Deloitte reveals the future of financial services

16.04.2021 | 09:47 Home / News / Fintech /
#Deloitte #financial services

Deloitte has published a report on the future of financial services “A higher bottom line. The future of financial services”, in which the company’s experts name the main challenges and promising technologies for banks and financial companies for the next 10 years. Frank Media reports several theses from the report.

In that period, the following areas will play the key role: resolution of social problems; increase of clients’ trust; strengthening the control over personal data, and more careful use of it; change of approach to clients, which includes the ability to maintain and satisfy growing expectations; search for new revenue sources in cooperation with fintech companies and digital giants; creation of alliances; and development of ecosystems.

A recent survey of 195 U.S. financial institution leaders found that more than three-quarters felt that the pandemic uncovered shortcomings in their firms’ digital capabilities. Respondents also cited cloud, cybersecurity and data privacy, and data analytics as areas their companies prioritized for increased investment.

The future of finance. Technological innovation will drastically change the financial services industry, for example:

- Machine learning will allow banks and investment managers to provide customers with hyper-personalized spending and investing recommendations and take proactive actions on their behalf to maximize their long-term financial wellbeing.

- Blockchain will provide customers the ability to seamlessly and instantly exchange value and perform transactions in more transparent, secure, and distributed ways.

- IoT will help insurers and other financial services providers more seamlessly integrate into the lives of their customers, much the way fitness and health providers have.

- AI-powered advisers and new platforms will reach customers who were previously unable to access investment opportunities.

- Advancements in 5G and subsequent generation infrastructure will enable latency-free mobile access to financial services offerings through wearable and embedded interfaces.

Regulations. Over the next decade, regulation will continue to play a critical role in shaping the financial services industry and its ability to respond to new technology. While regulation can often lag innovation and society’s expectations, authorities are increasingly receptive to advancements that spur competition, enable broader access to financial services, and prioritize data privacy and security

Data access. Access to data flows is becoming a critical resource. Financial institutions and banks’ ability to design solutions and business models that meet customer expectations and enable integration across organizations will hinge on access to and insights from flows of data. Data is becoming a key factor of creating value.

EU regulators have already proposed making it easier for companies to gain access to each other’s data as a means of promoting innovation, such as encouraging manufacturing, energy, agriculture, and health care businesses to engage in a “single market for data”, Deloitte experts write.

The more effective financial services companies are at harnessing data, the greater the advantage they’ll have in attracting and retaining customers. On the flip side, the more data that firms collect (and customers agree to share), the higher the risk that the data will be compromised. To remain competitive, financial services players will need to reinvent their existing data strategies and tools and balance cooperative data-sharing through alliances with maintaining stringent control over proprietary information.

Lack of experts. The U.S. financial services industry is expected to face the greatest talent gap of any sector, with a deficit of 1.7 million workers, Deloitte estimates. Some talent shortages will be in already-prioritized areas like data science, AI, and UCD (user-centered design).

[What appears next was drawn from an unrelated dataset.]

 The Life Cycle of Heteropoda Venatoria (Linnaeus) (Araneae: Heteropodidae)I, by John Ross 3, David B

Deeply human skills—like creativity, critical thinking, collaboration, and emotional intelligence—will also be critical, as they are integral to understanding and effectively interacting with customers and other stakeholders in ways that are difficult to automate. The financial services industry will see emergence of “superjobs”– roles that aggregate jobs previously performed by multiple people.

In a recent Deloitte survey, 72% of financial services executives identified “the ability of their people to adapt, reskill, and assume new roles” as a high-priority item to navigate future disruptions, and the number of leaders highlighting the need to transform worker roles has doubled since the onset of the pandemic.

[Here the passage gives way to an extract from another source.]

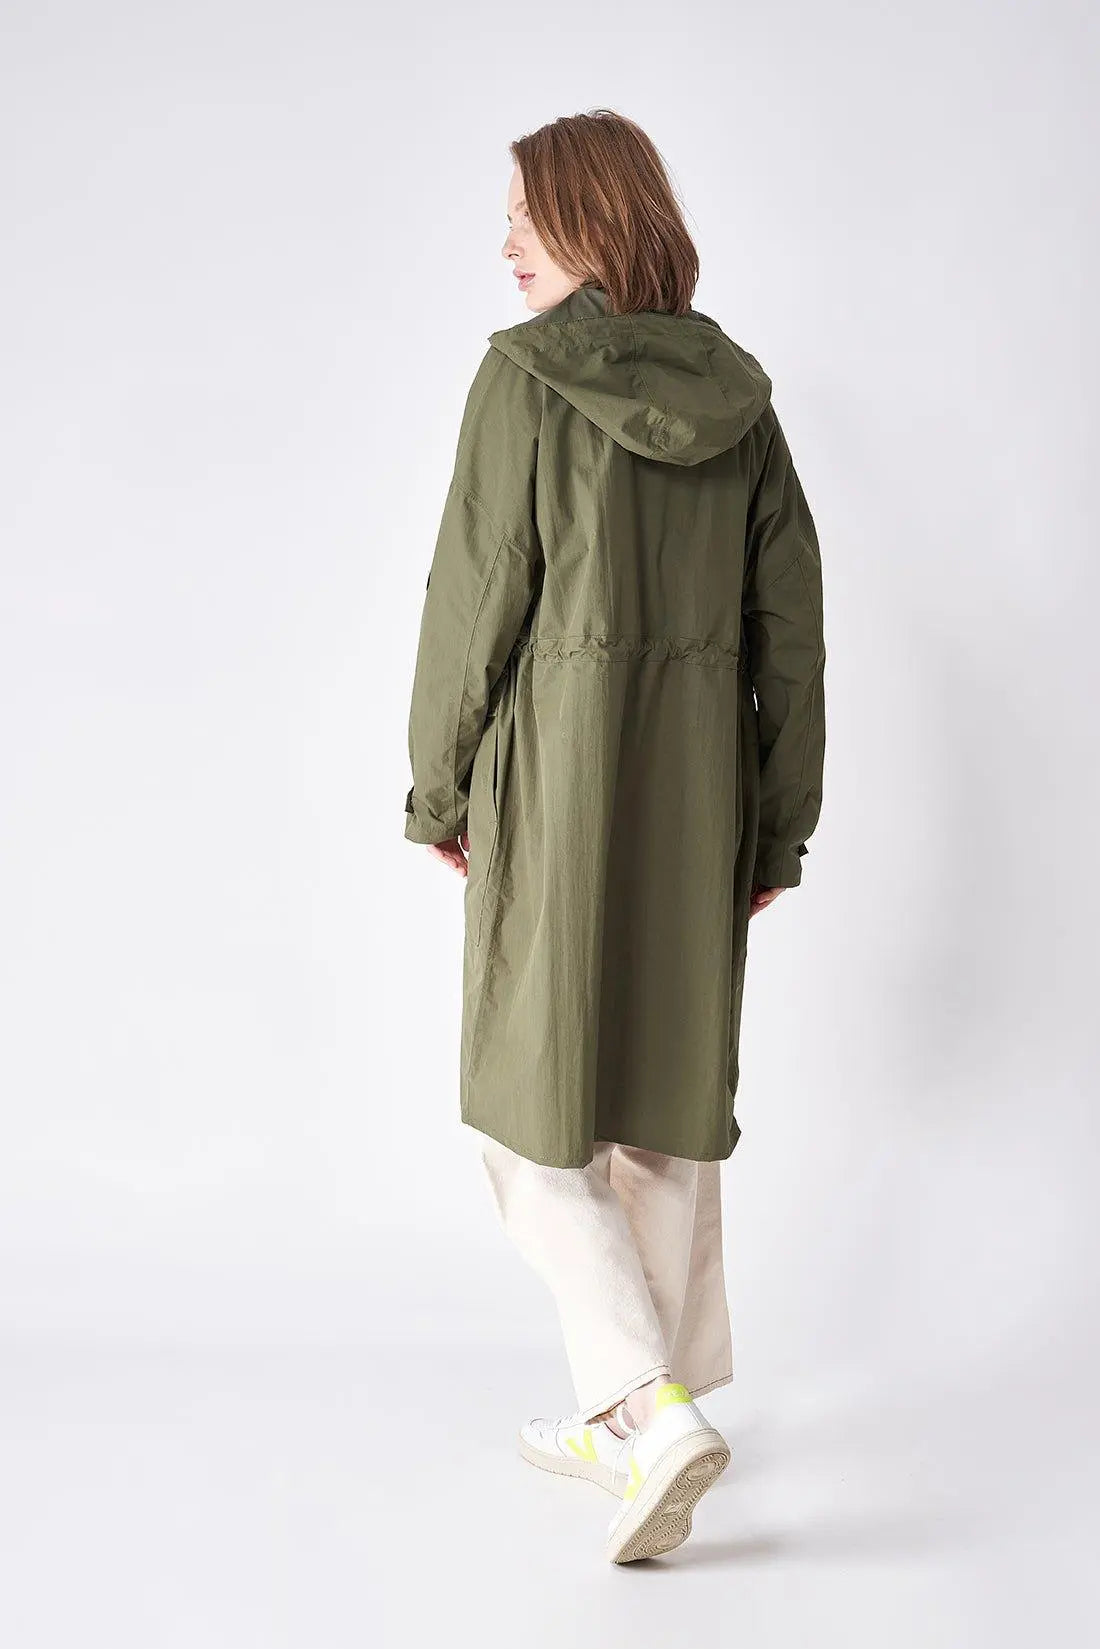 Hymmel - Chubasquero o chaqueta Ligero de Mujer – Rainwear

The pandemic has changed the approach to labor management: for many banks, it is normal now to see staff switch to remote working.

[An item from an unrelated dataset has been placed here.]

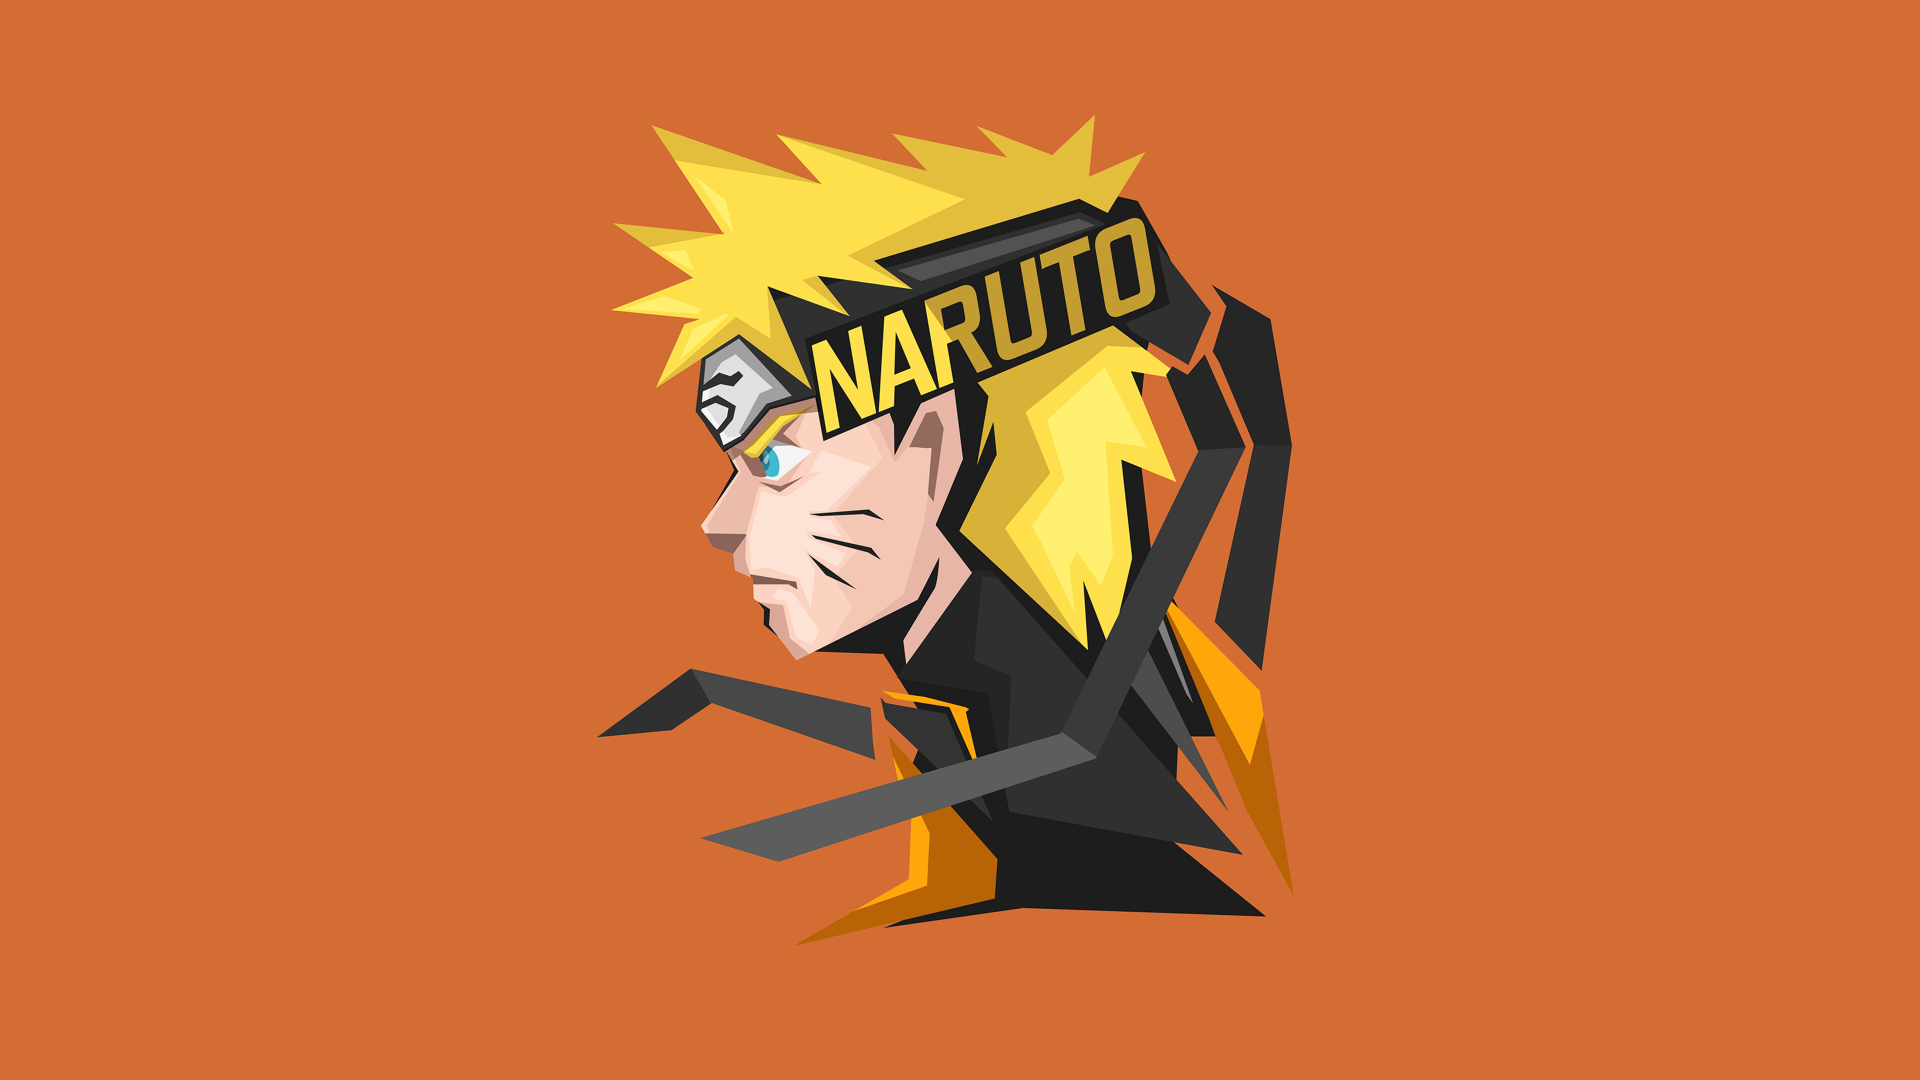 7680x4320 Naruto Uzumaki by BossLogic Wallpaper Background Image.

Ecosystems. The marketplace of 2030 will be unprecedentedly fluid and interdependent, marked by ever-changing customers with ever-changing needs, expansive data flows, and mass shifts in the workforce. Innovative business models and alliance ecosystems will be required to respond to these imperatives and create new revenue streams. What the experts expect to emerge are consolidated “one-stop shop” platforms for offering and accessing various financial products and services, ranging from student and business loans to home mortgages, insurance coverage, retirement plans, and investment vehicles. These platforms will act as a central nervous system coordinating data flows, allowing platform owners and third-party offerings to consolidate.

Banks and companies that move early to establish alliance ecosystems will secure significant advantages, Deloitte writes.

The recent launch of Google’s Plex bank account, in partnership with several banks, is an example of this kind of emerging cross-industry alliance. This product lets users open bank accounts, pay friends, and manage budgets through a new version of the Google Pay app, Deloitte notes.

Deloitte concludes that while financial services firms tend to view each other purely as competitors, and as a result build defensive walls, a more effective approach is to form new relationships that enable the co-creation of innovative, human-centered offerings.